* Your objective *
From the line containing "Tiffany & Co., Makers, New York." through the last line of the data, both ends included, write out every line exactly; omit the pictures.

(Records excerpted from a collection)
-------

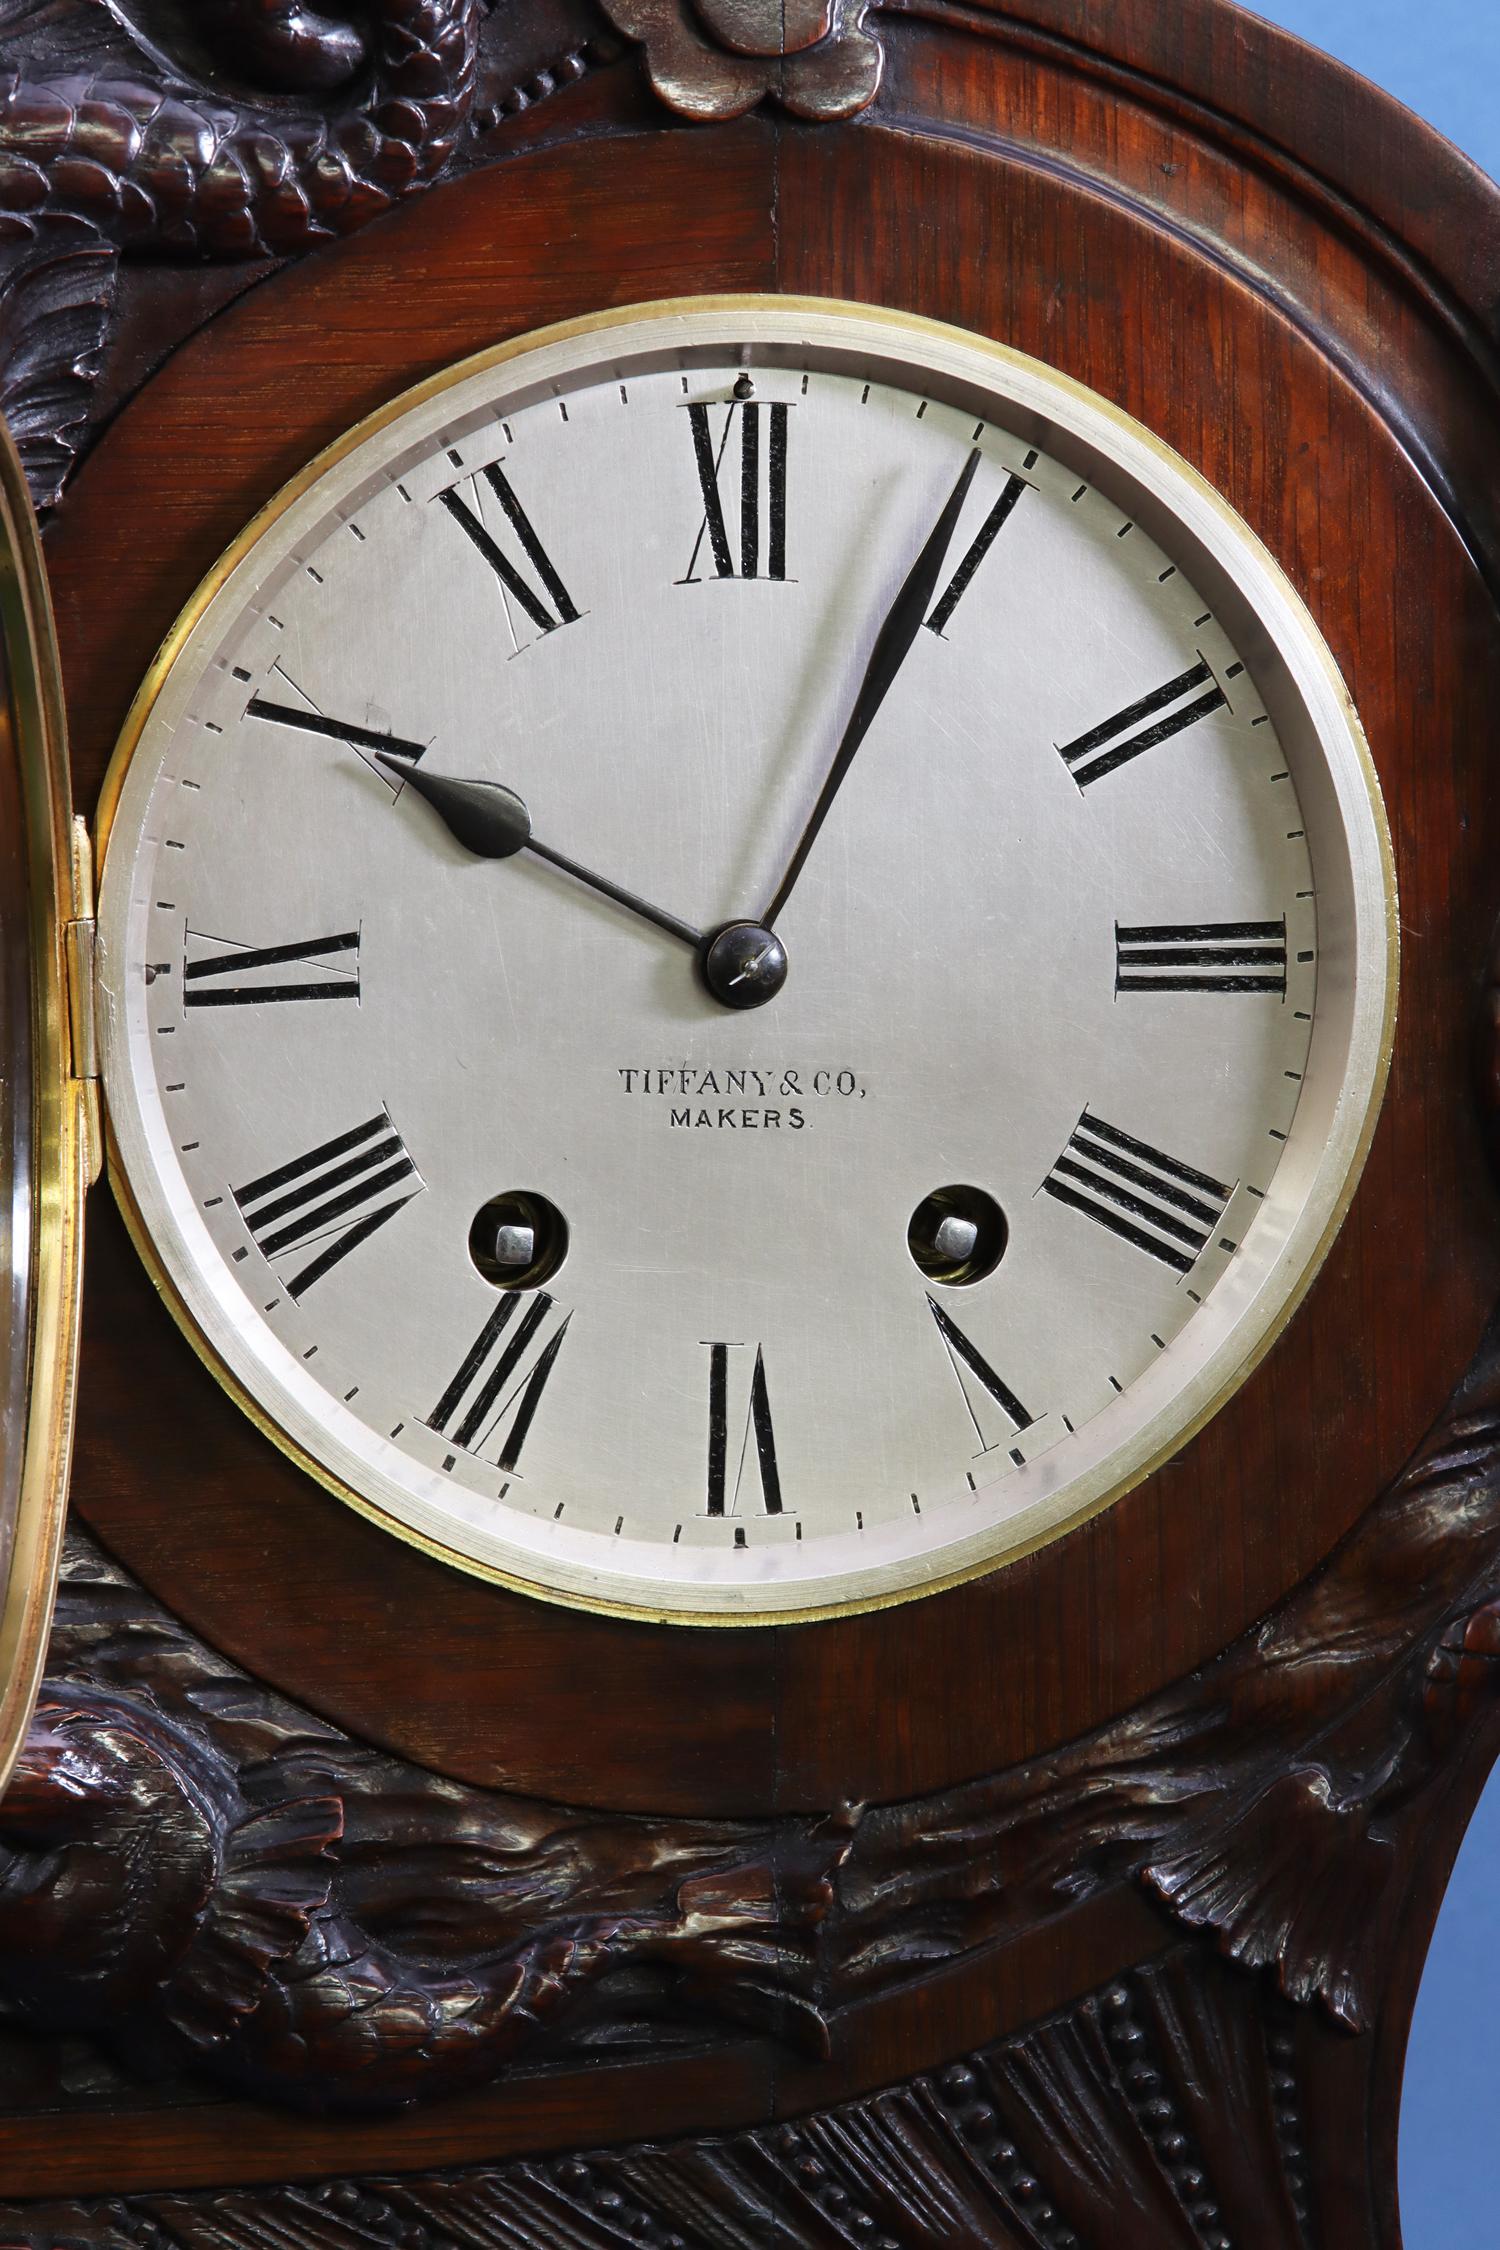 c.1910 Rare Double Dial Clock with Perpetual Calendar by Tiffany & Co., Makers.

g178

Tiffany & Co., Makers, New York.

The shaped oak case is decorated with carved sea serpents and houses the clock and perpetual calendar side by side.

The
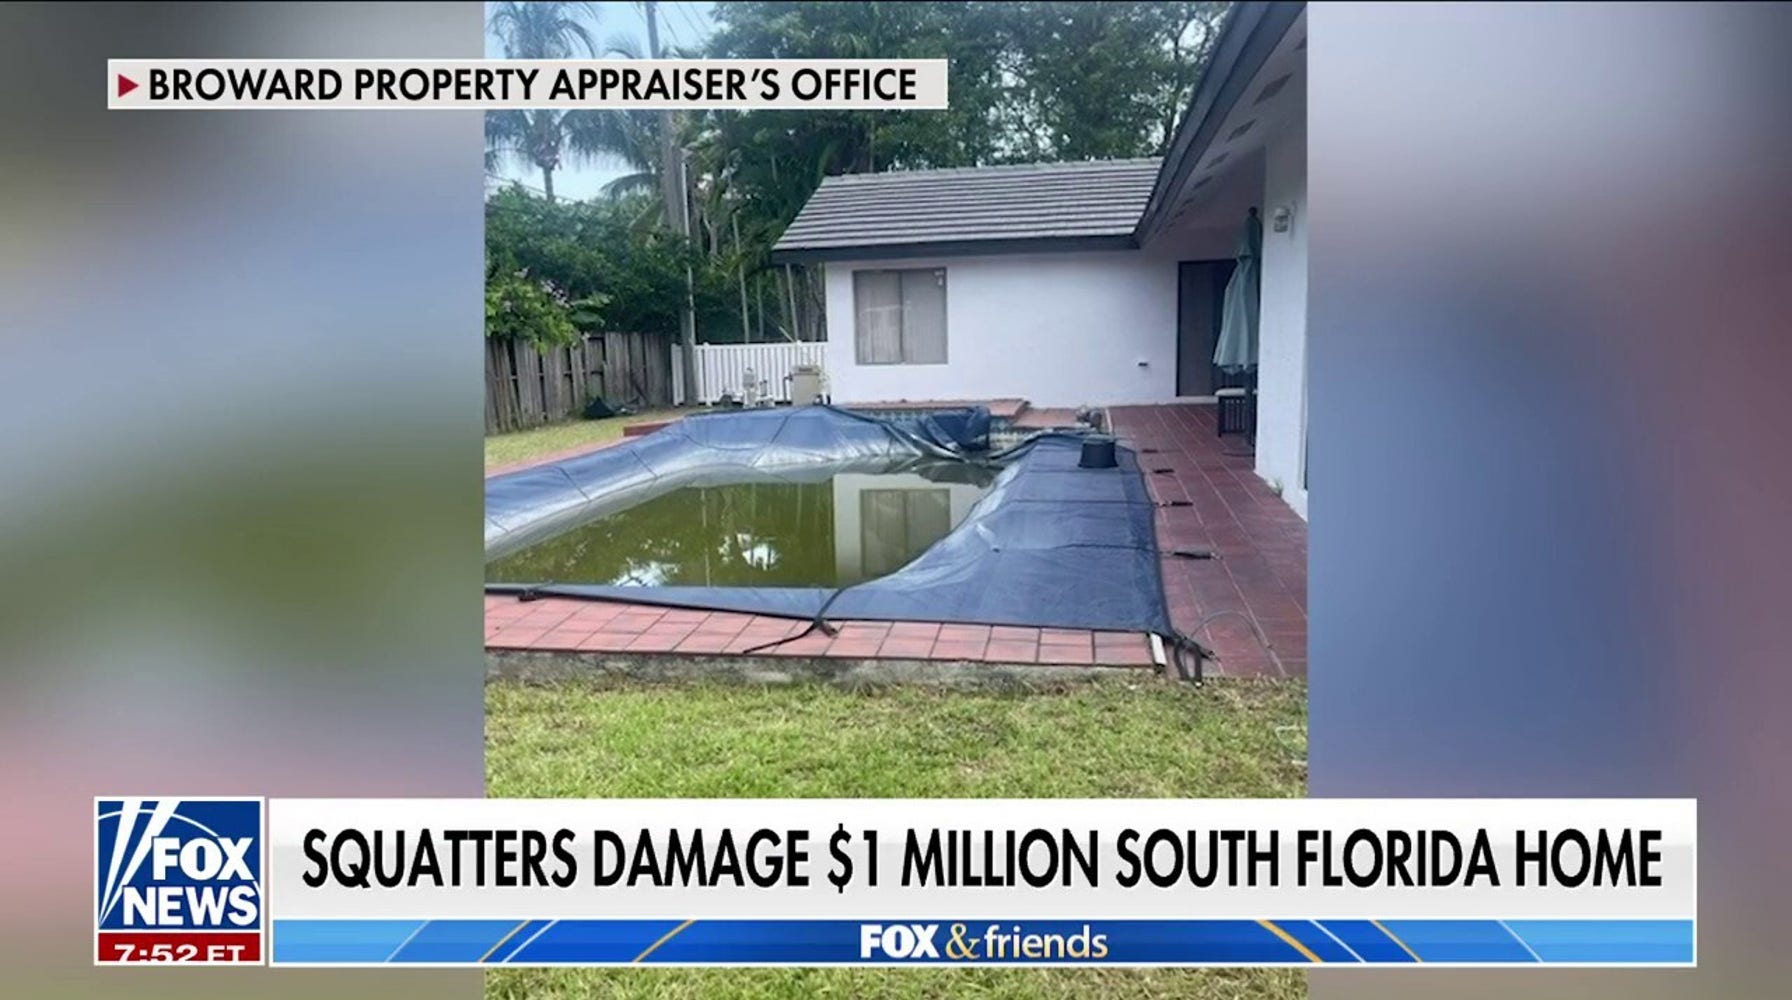 Florida Takes Steps to Combat Squatters

-------

* Completed task *
Tiffany & Co., Makers, New York.

The shaped oak case is decorated with carved sea serpents and houses the clock and perpetual calendar side by side.

The
 Florida Takes Steps to Combat Squatters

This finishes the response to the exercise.